On 11/12/06, Ross Bamford <rosco / roscopeco.remove.co.uk> wrote:
> On Sun, 12 Nov 2006 15:01:56 -0000, Peter Schrammel
> <peter.schrammel / gmx.de> wrote:
> > Why is there a limitation at all? I implemented the same thing in perl
> > and it no complains ...
> > Is the regexp engine of perl that much better?
> >
>
> Irrespective of whether regex the best solution for your needs, it seems
> Oniguruma will improve the situation somewhat with respect to large
> regular expressions.

I built a local version of 1.8.5 with the oniguruma engine:
    http://raa.ruby-lang.org/project/oniguruma/

And re-ran (a slight variation of) my test program:

[~]$ ruby foo
Using the <undefined> regex engine.
Converted a list of 1 words into a regex 8 bytes long.
Converted a list of 2 words into a regex 36 bytes long.
Converted a list of 4 words into a regex 48 bytes long.
Converted a list of 8 words into a regex 73 bytes long.
Converted a list of 16 words into a regex 173 bytes long.
Converted a list of 32 words into a regex 352 bytes long.
Converted a list of 64 words into a regex 718 bytes long.
Converted a list of 128 words into a regex 1415 bytes long.
Converted a list of 256 words into a regex 2656 bytes long.
Converted a list of 512 words into a regex 5210 bytes long.
Converted a list of 1024 words into a regex 10105 bytes long.
Converted a list of 2048 words into a regex 19432 bytes long.

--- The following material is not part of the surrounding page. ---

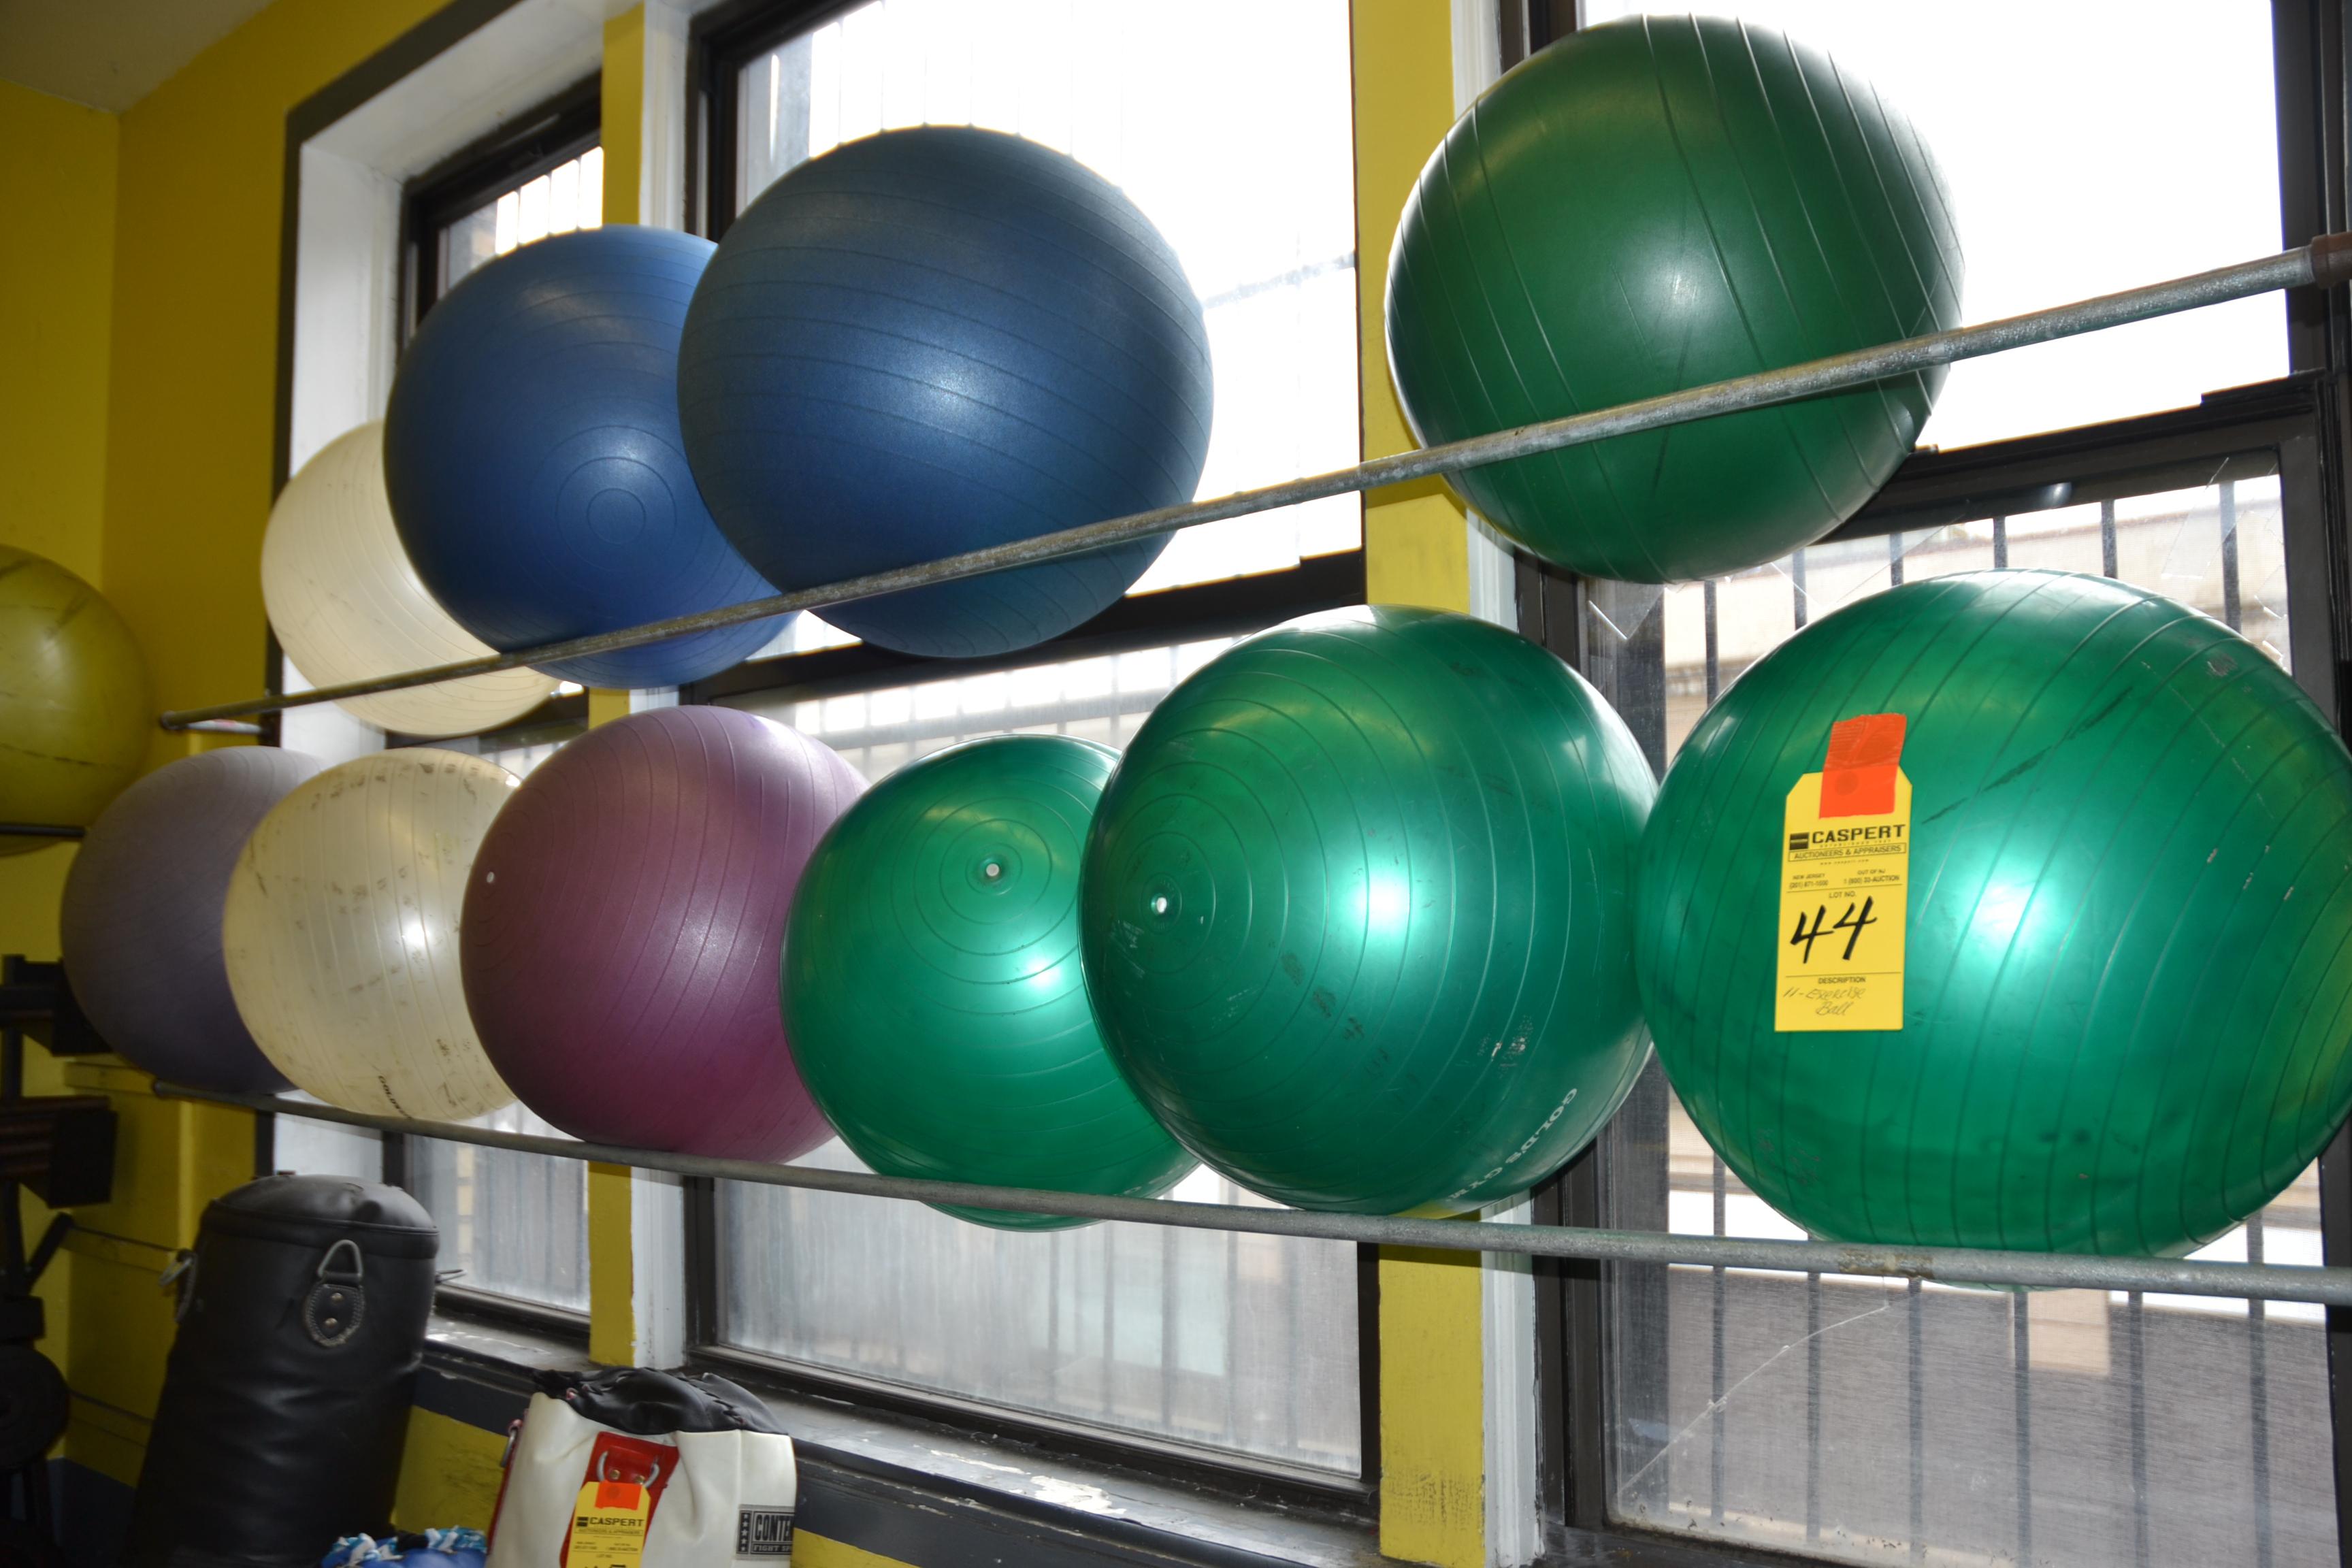 Lot 44 - EXERCISE BALLS

Converted a list of 4096 words into a regex 37509 bytes long.
@_@

[~]$ /usr/local/bin/ruby foo
Using the Oniguruma regex engine.
Converted a list of 1 words into a regex 11 bytes long.

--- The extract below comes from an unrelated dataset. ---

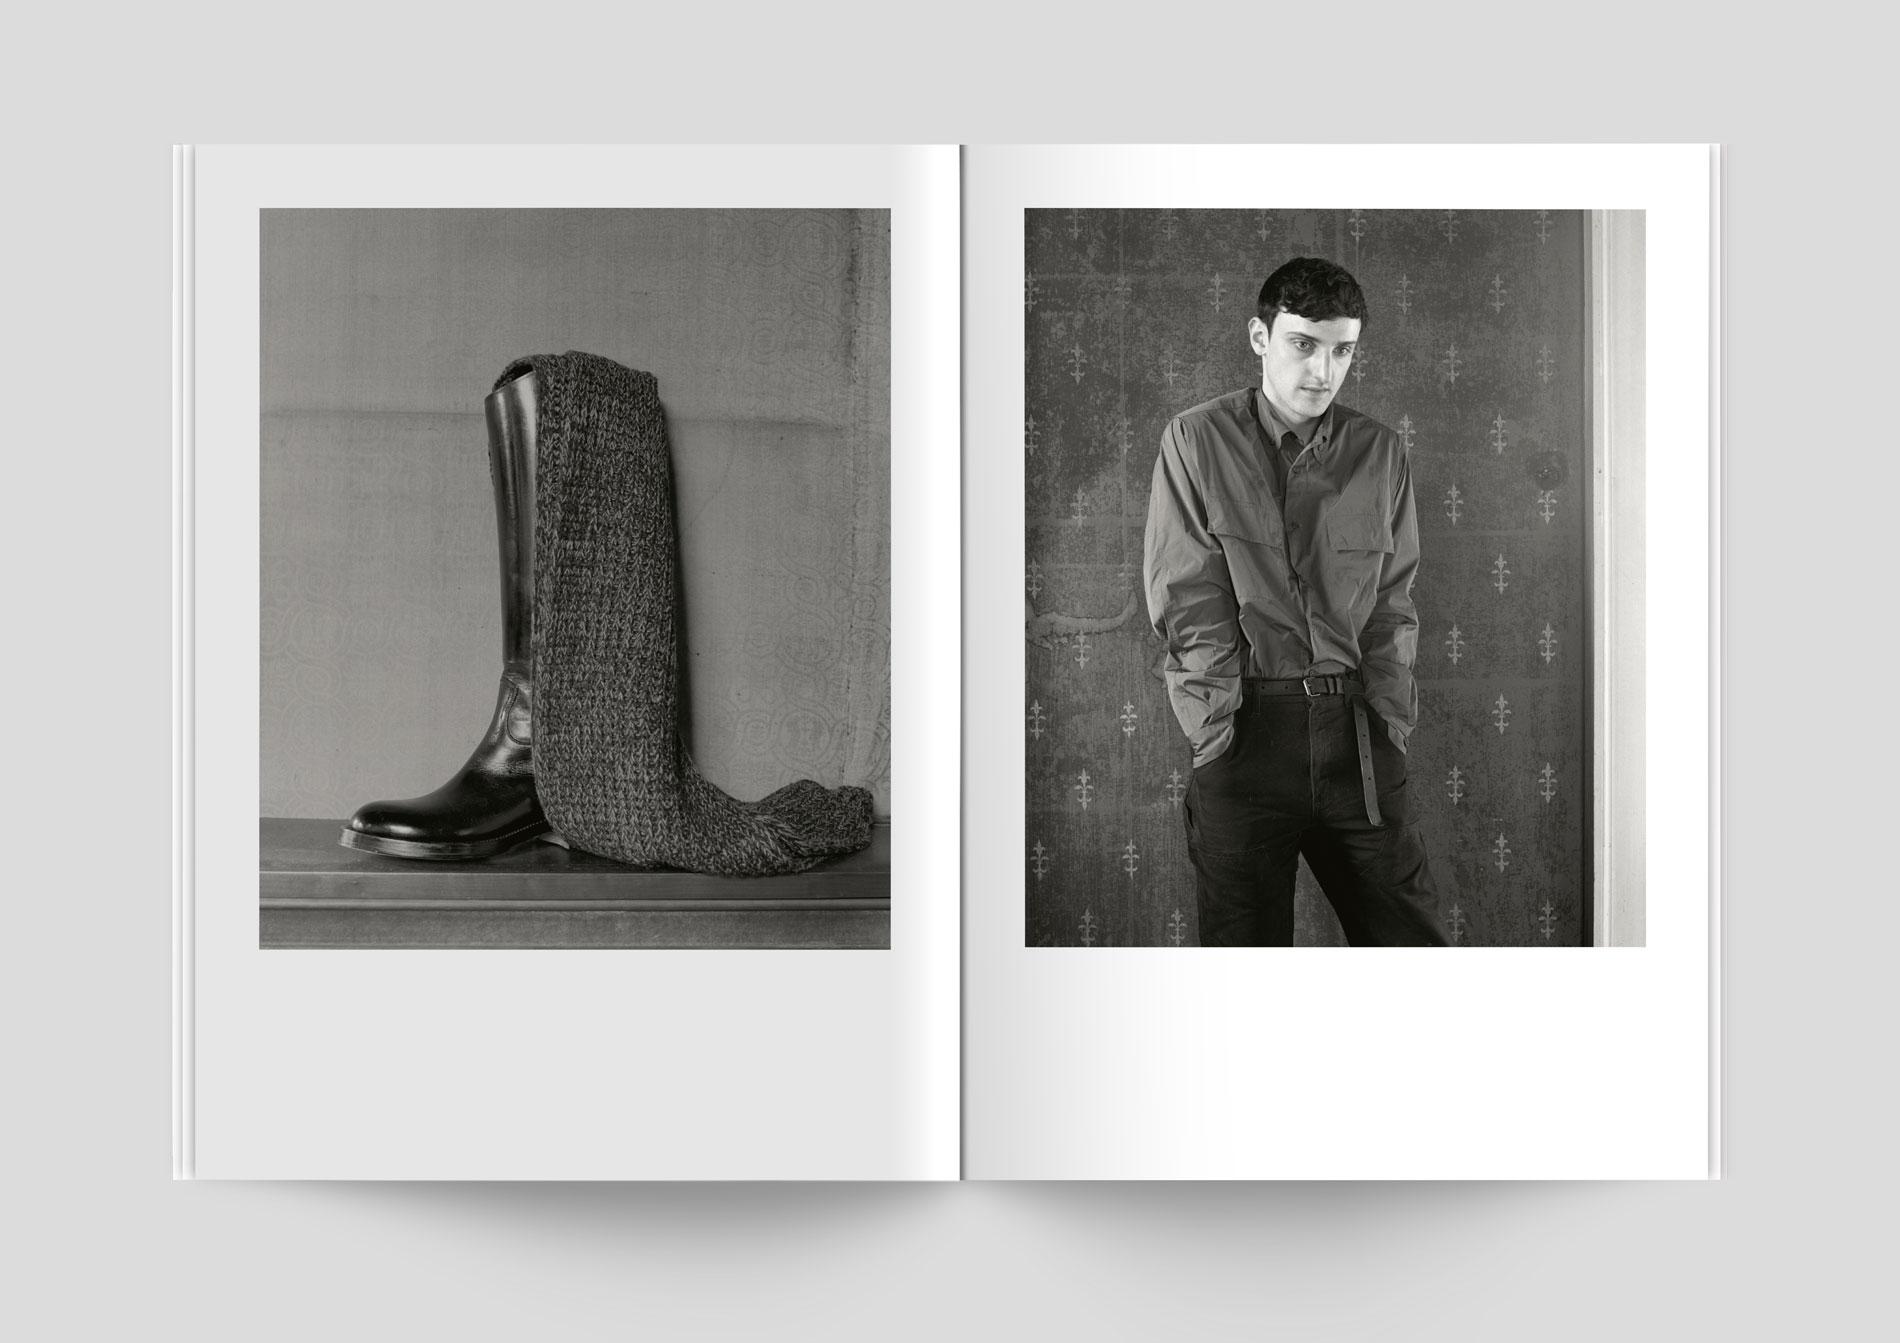 Santoni-Edited-by-Marco-Zanini-Ingar-Krauss-08

Converted a list of 2 words into a regex 16 bytes long.
Converted a list of 4 words into a regex 38 bytes long.
Converted a list of 8 words into a regex 97 bytes long.

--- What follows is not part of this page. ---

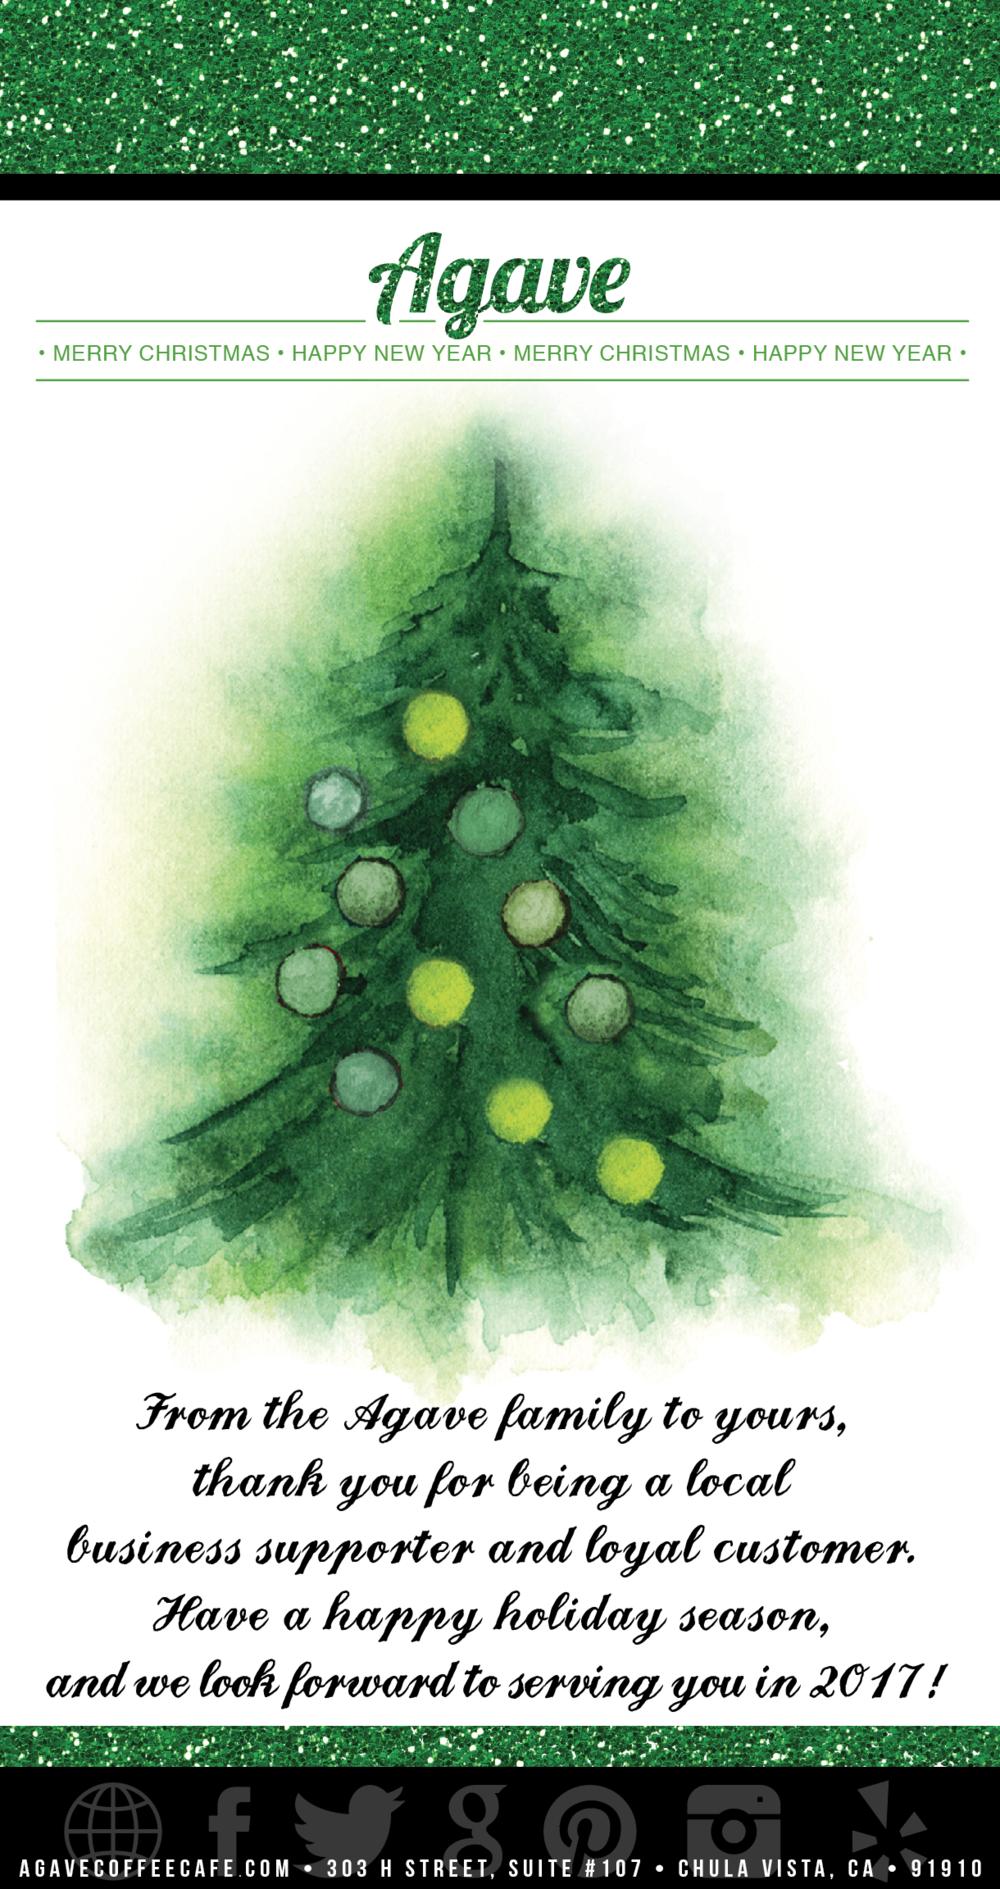 Agave_Merry_Christmas.jpb

Converted a list of 16 words into a regex 185 bytes long.
Converted a list of 32 words into a regex 359 bytes long.
Converted a list of 64 words into a regex 686 bytes long.
Converted a list of 128 words into a regex 1387 bytes long.
Converted a list of 256 words into a regex 2715 bytes long.
Converted a list of 512 words into a regex 5264 bytes long.
Converted a list of 1024 words into a regex 10074 bytes long.
Converted a list of 2048 words into a regex 19439 bytes long.
Converted a list of 4096 words into a regex 37452 bytes long.
Converted a list of 8192 words into a regex 71931 bytes long.
Converted a list of 16384 words into a regex 135572 bytes long.
Converted a list of 32768 words into a regex 253027 bytes long.
Converted a list of 65536 words into a regex 461607 bytes long.
Converted a list of 131072 words into a regex 808171 bytes long.
Converted a list of 262144 words into a regex 1326345 bytes long.
Converted a list of 479625 words into a regex 1873539 bytes long.